A co do fabuły... to nie kino ambitne tylko takie które ma szokować i trzymać widza w napięciu.
Żenada.Nawet horror musi przykuwać ale nie bezdenna głupotą i hektolitrami krwi na ekranie.Obejrzyjcie 8 pasażera Nostromo to zrozumiecie co to jest dopiero prawdziwy klasyk horrorów.
Bezsensu sa osoby, które patrzą na opakowanie a nie to co jest w środku filmu. Dla Ciebie to idiota latający z piłą a dla mnie to zwykli ludzie którzy znaleźli się w miejscu gdzie nie powinni być a goni ich zwykły psychopata. Mało takich co zabijają (nie używając piły) dla przyjemności ?

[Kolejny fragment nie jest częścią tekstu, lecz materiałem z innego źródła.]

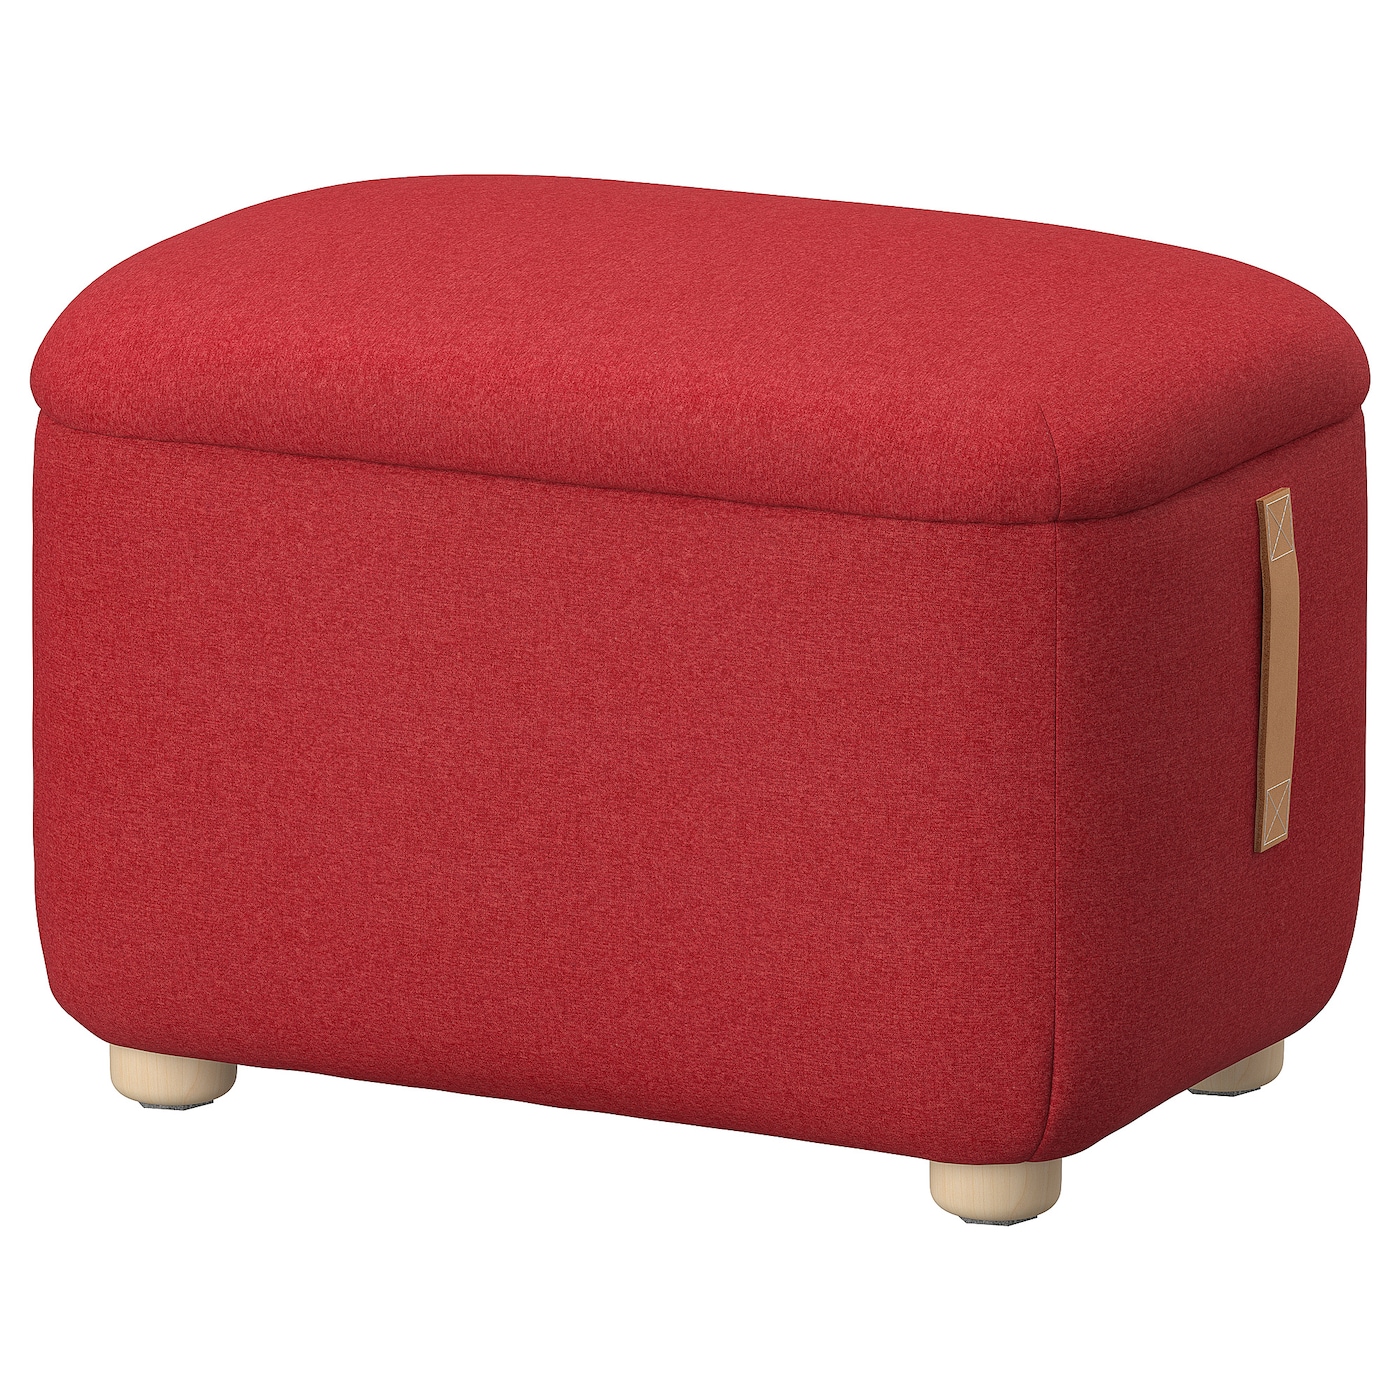 ОСКАРШАМН Кресло с местом для хранения, Тонеруд красный OSKARSHAMN IKEA

'Obcy' to ten film o kosmicie goniacym ludzi na statku kosmicznym? No to rzeczywiscie straszne. Co nie znaczy ze go nie lubie, wole jednak horrory zawierajace jakas dawke prawdopodobienstwa.
Dlaczego ludzie znajduja upodobanie w krwawej rzezni na ekranie, czy to aby nie jest juz jakies skrzywienie umyslowe? ;]
20 lat temu gdy bylem nastolatkiem, lubilem chodzic do kina na horrory ale do dzisiaj wole filmy w ktorych napiecie budowane jest bez takich drastycznych efektow specjalnych. Uwazam ze maja one o wiele wieksza sile wyrazu.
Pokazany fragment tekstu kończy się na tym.